_Instructions for the task:_ Write out the whole listing below exactly, skipping each picture.

_Collected material:_
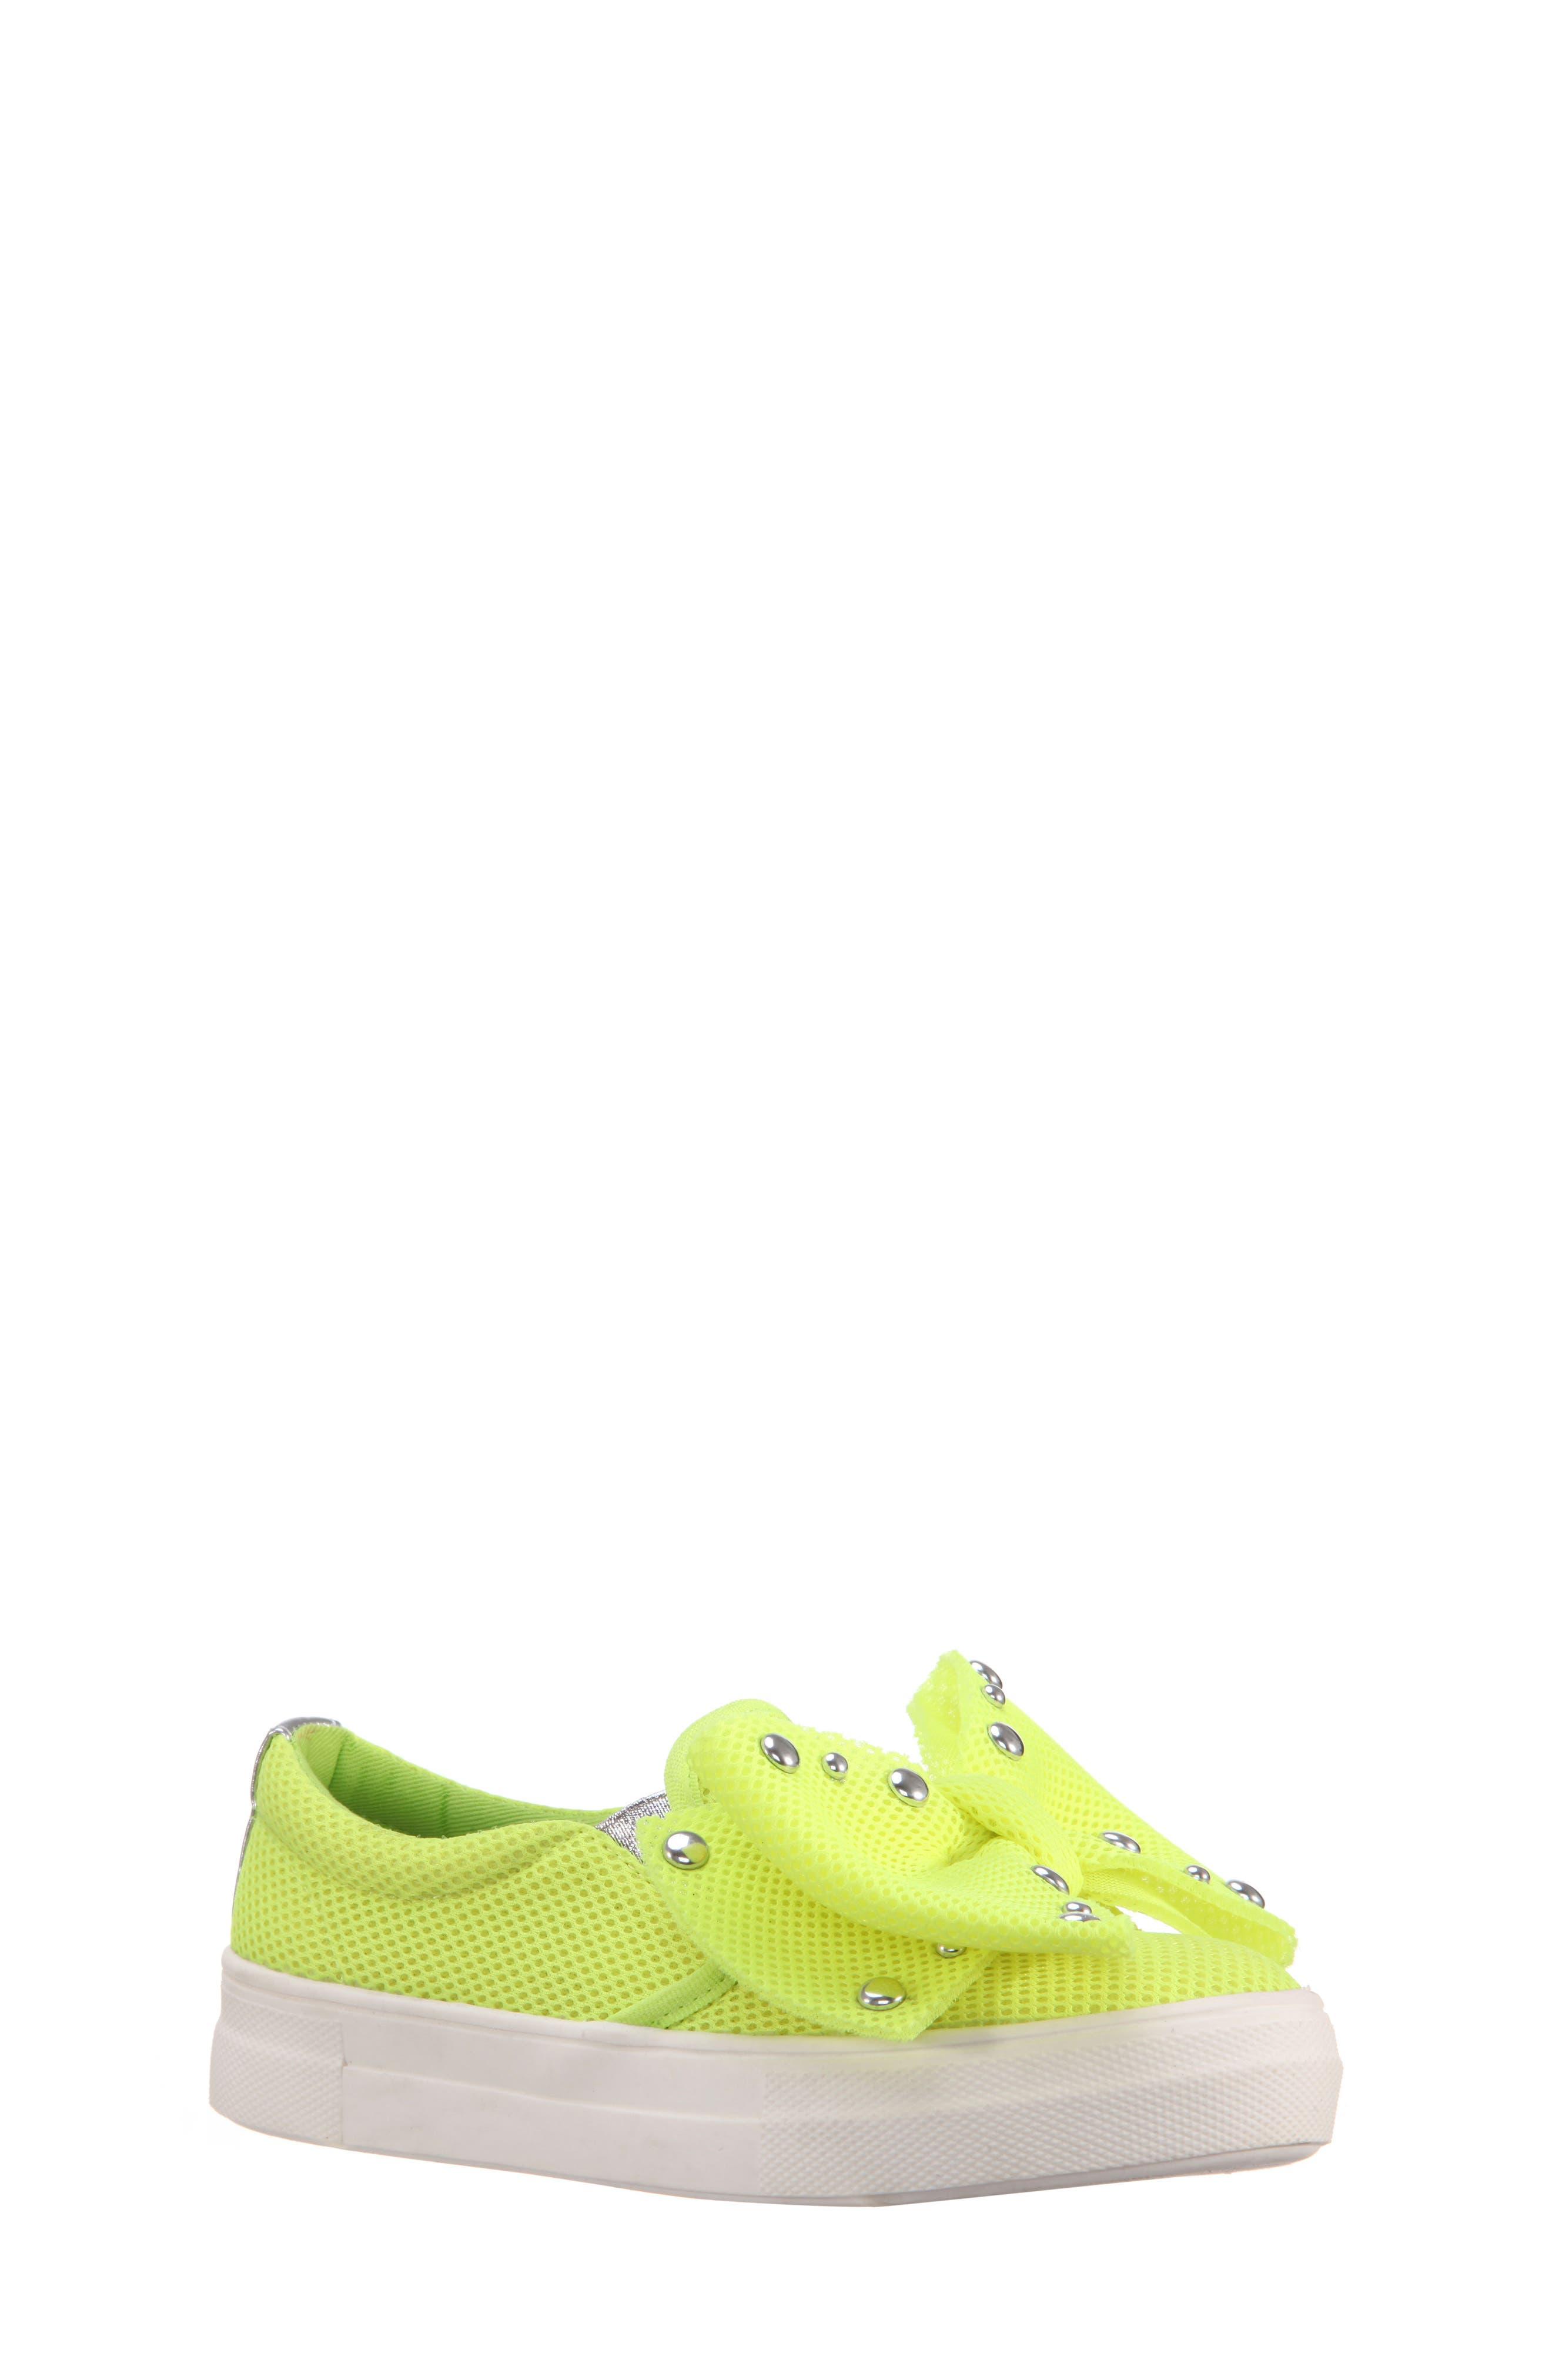 Mary Bow Slip-On Sneaker,                             Main thumbnail 3, color,
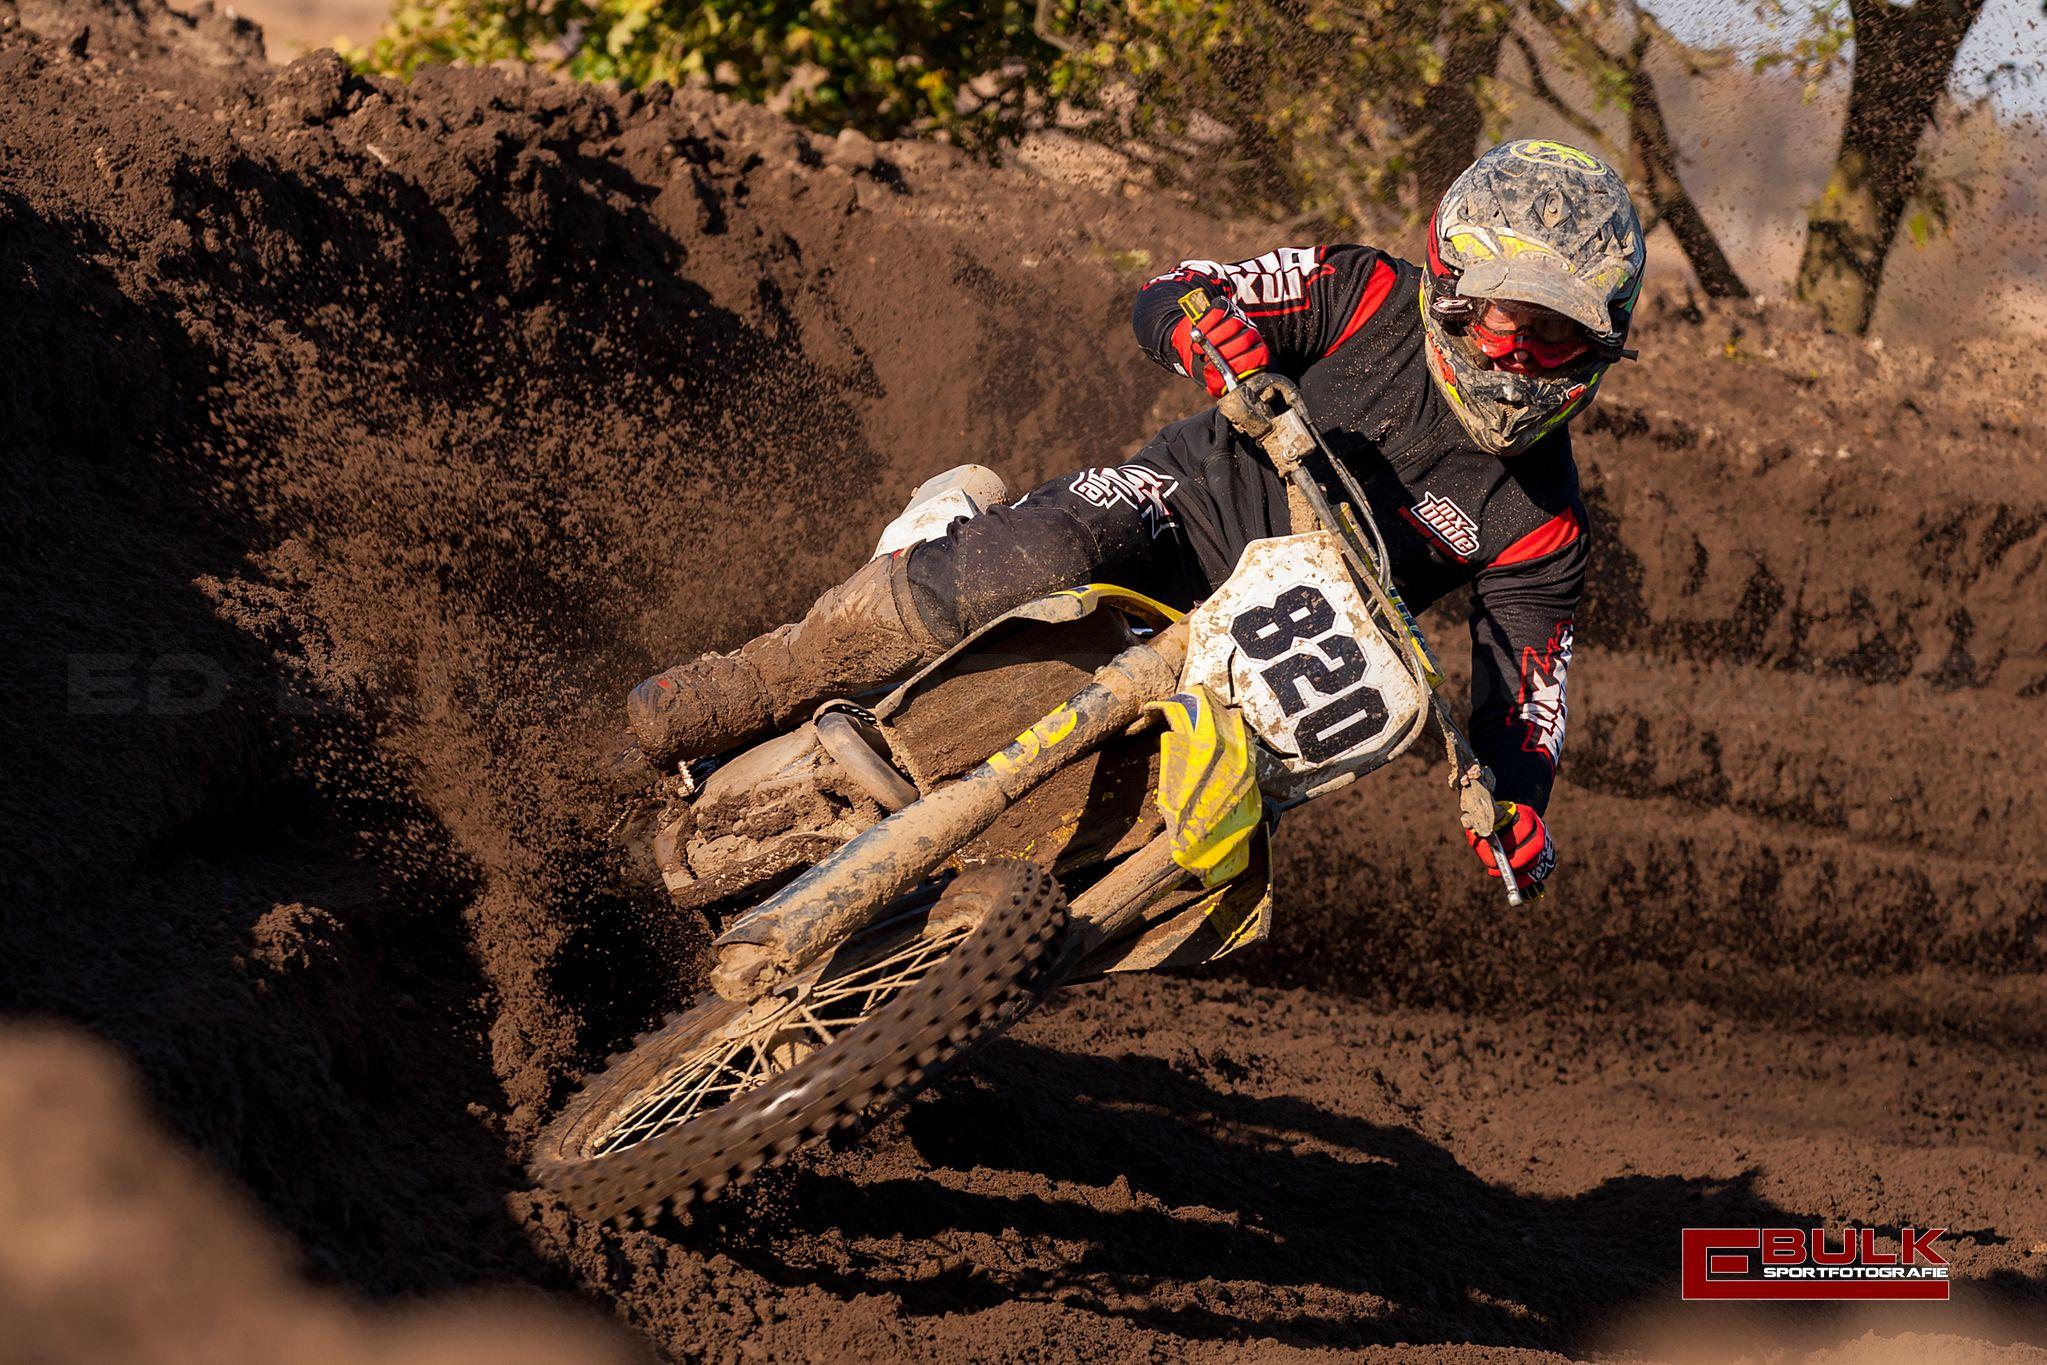 ebs_0240-ed_bulk_sportfotografie
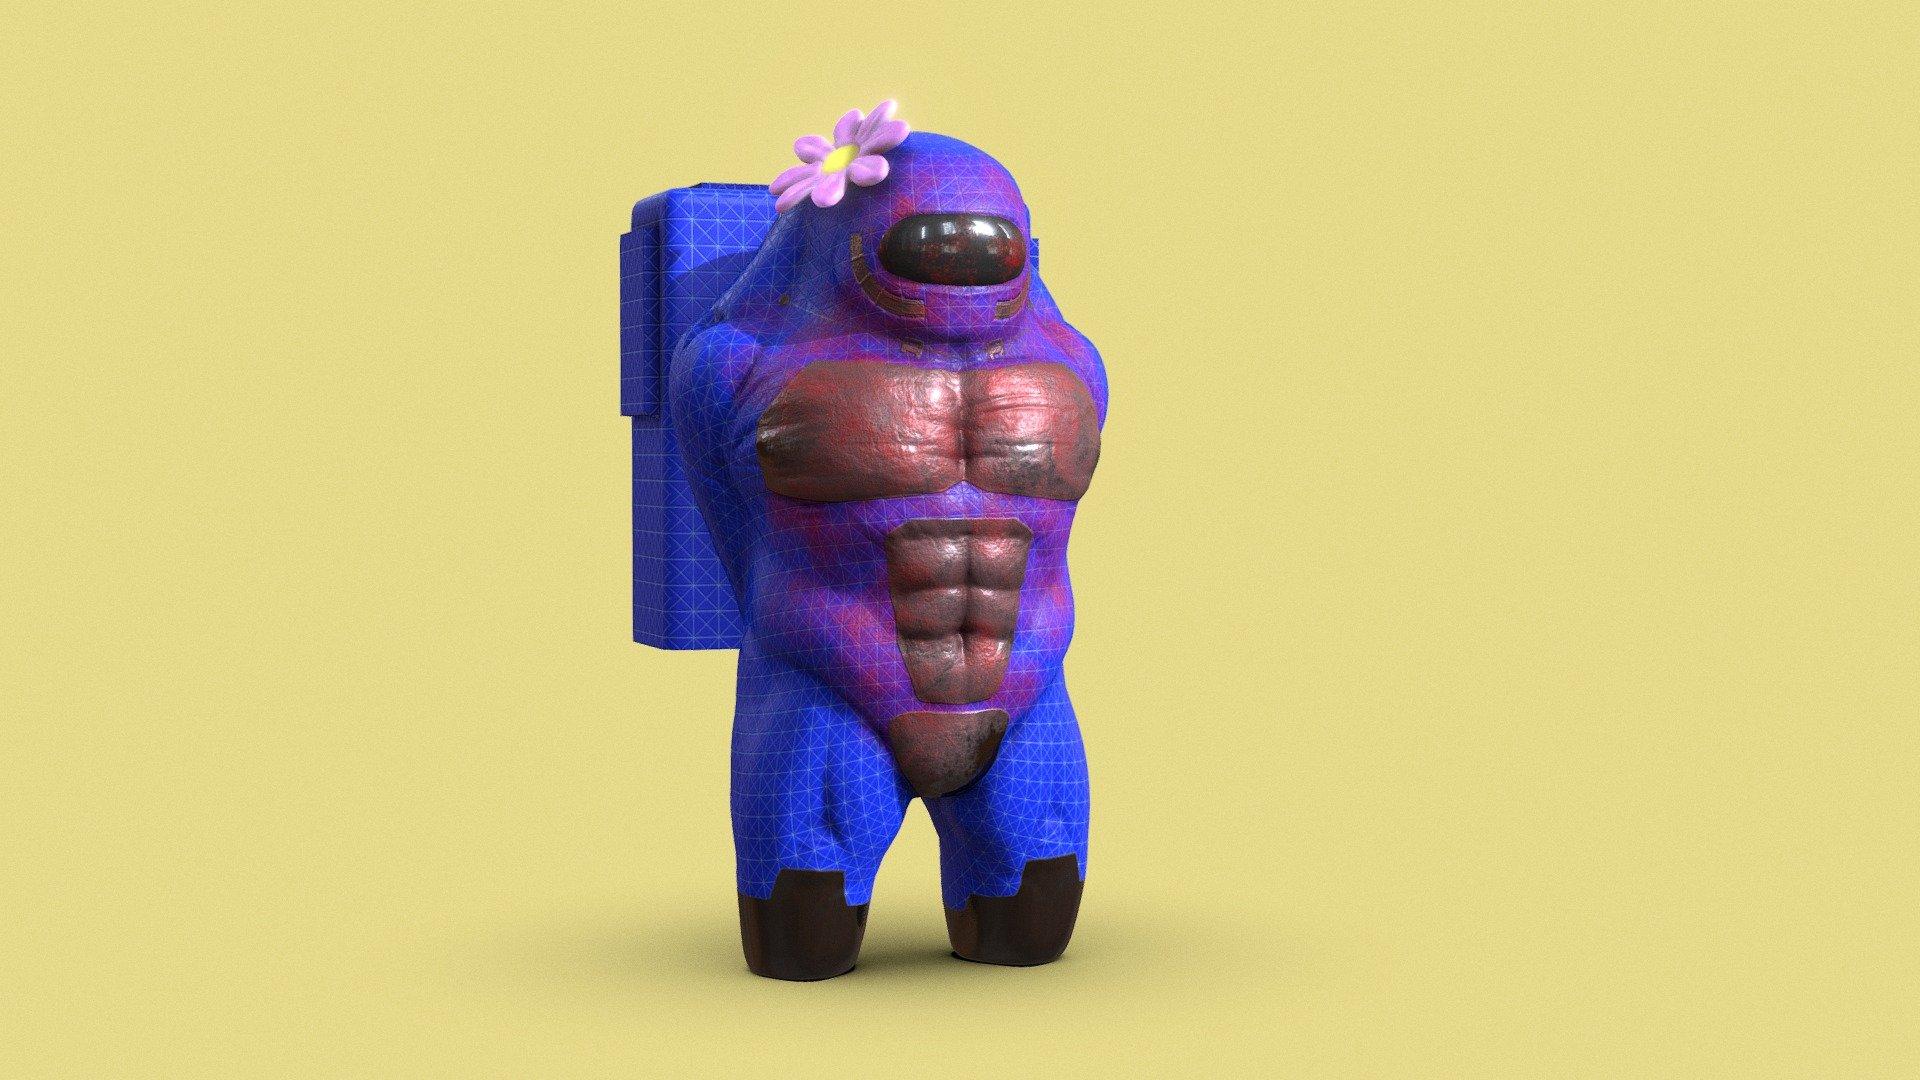 IMPOSTER AMONG US - Download Free 3D model by Freddy Drabble (@FredDrabble) [38676e9] - Sketchfab

_Task result:_
 Mary Bow Slip-On Sneaker,                             Main thumbnail 3, color,
 ebs_0240-ed_bulk_sportfotografie
 IMPOSTER AMONG US - Download Free 3D model by Freddy Drabble (@FredDrabble) [38676e9] - Sketchfab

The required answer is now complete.